Traditional methods of making such porous membranes have involved the deposition of adherent and highly continuous layers of materials such as alumina and aluminum. These materials are known to have been deposited using a number of techniques, such as tape casting, extrusion, vapor deposition. both physical vapor deposition (PVD) and chemical vapor deposition (CVD), and by electrochemical methods. Tape casting and extrusion are limited in the range of materials that can be used to make porous membranes. The degree of membrane porosity or pore density obtainable with either of these techniques is also limited. Vapor deposition is an extremely slow and costly process and does not lend itself to making large parts. Other techniques such as electrochemical methods are also known to suffer from such size limitations. In addition, the type of materials that may be applied by some electrochemical methods are severely limited. Sol-gel and hydrothermal techniques for making porous membranes are also known. The limitations of these techniques have been documented in a book on the subject by Ramesh Bhave (Inorganic Membranes, van Nostrand 1991). For instance, these techniques may be cost prohibitive and compatible with only a limited number of materials. In addition, the use of sol-gel techniques to form porous membranes has been discussed in an article by Y. S. Lin and A. J. Burggraaf, J.Amer. Ceram. Soc., Vol. 4, 1991, page 219.

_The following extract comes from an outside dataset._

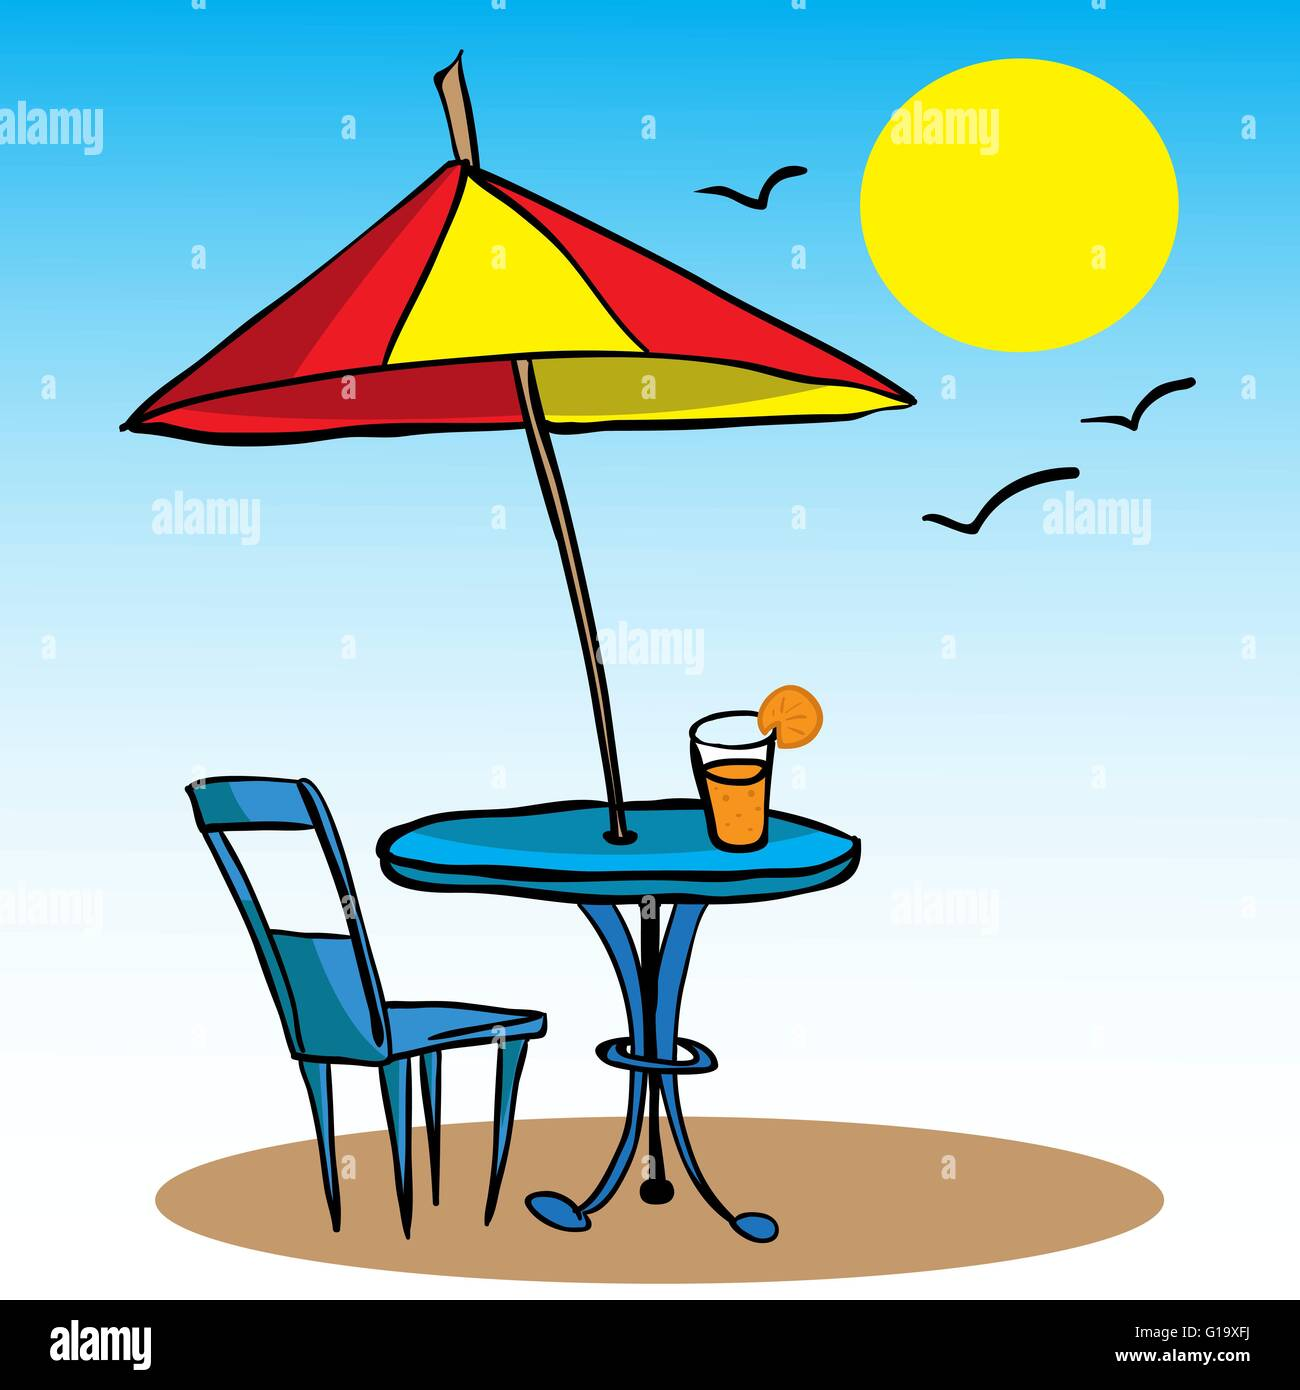 Stock Vector   Beach Umbrella, Table, Chair And Juice Cartoon Doodle
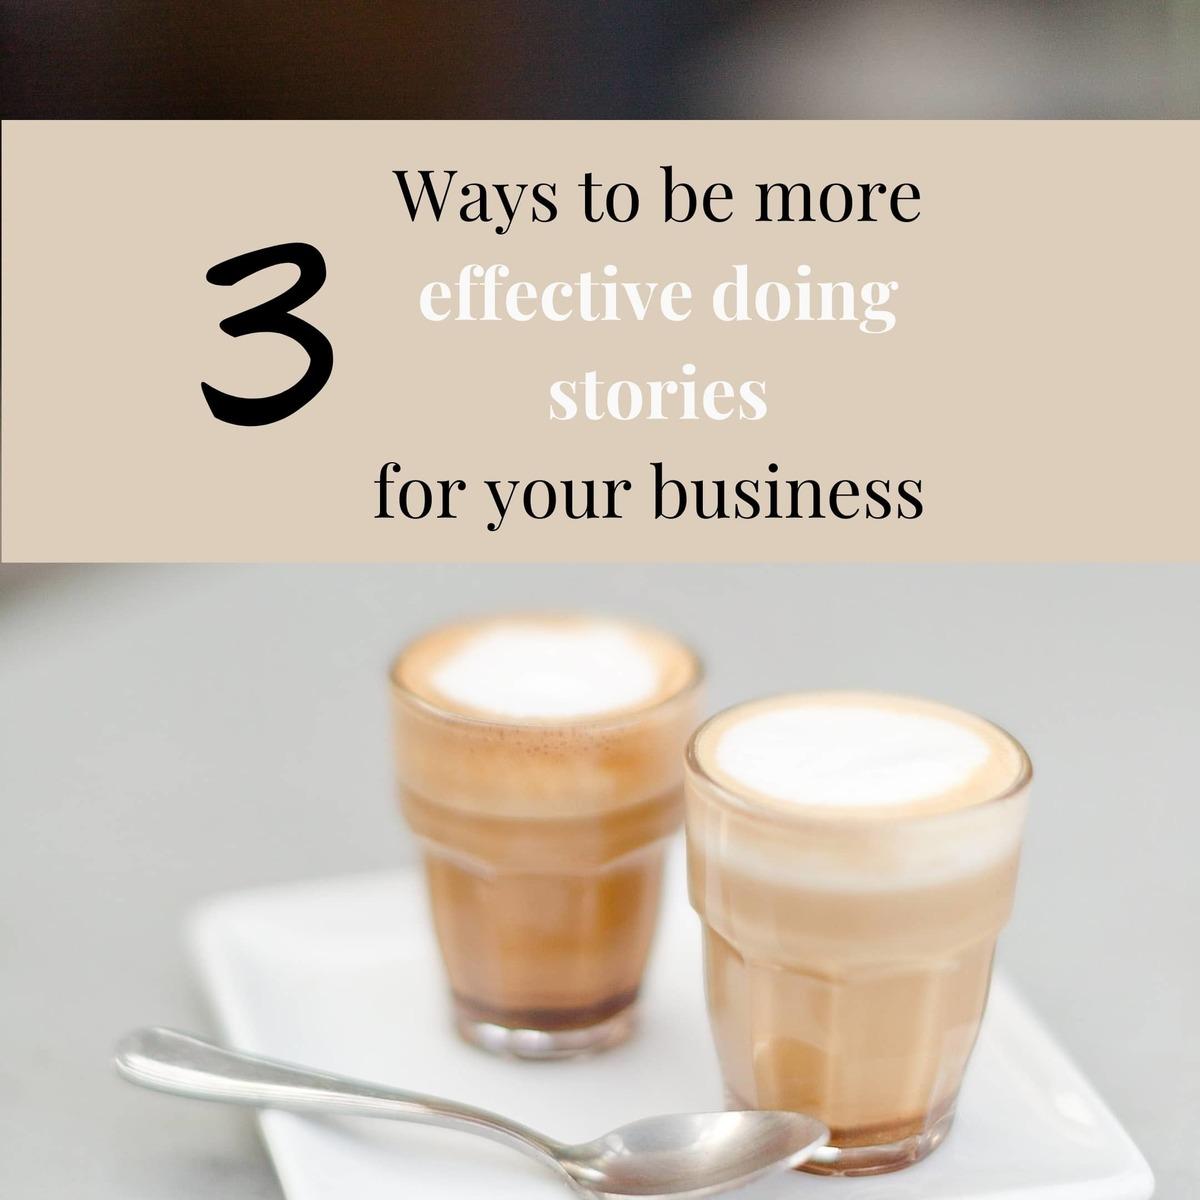 Imagem capa - 3 ways to be more effective doing stories for your business por Joanna Pantigoso

Several known materials have properties such as high temperature and corrosion resistance, which would be useful in some porous membrane applications. While some of these materials have been used with prior methods, like those mentioned above, to make such porous membranes, a number of these materials have not, for various reasons, including incompatibility with those prior methods. Those prior materials and methods which have proven compatible and which can produce useful membranes are typically involved and costly.
Therefore, there is a need for a more cost effective method of making porous membranes not only with materials known for such use but also with materials having desirable properties but which previously have not been known for making such membranes.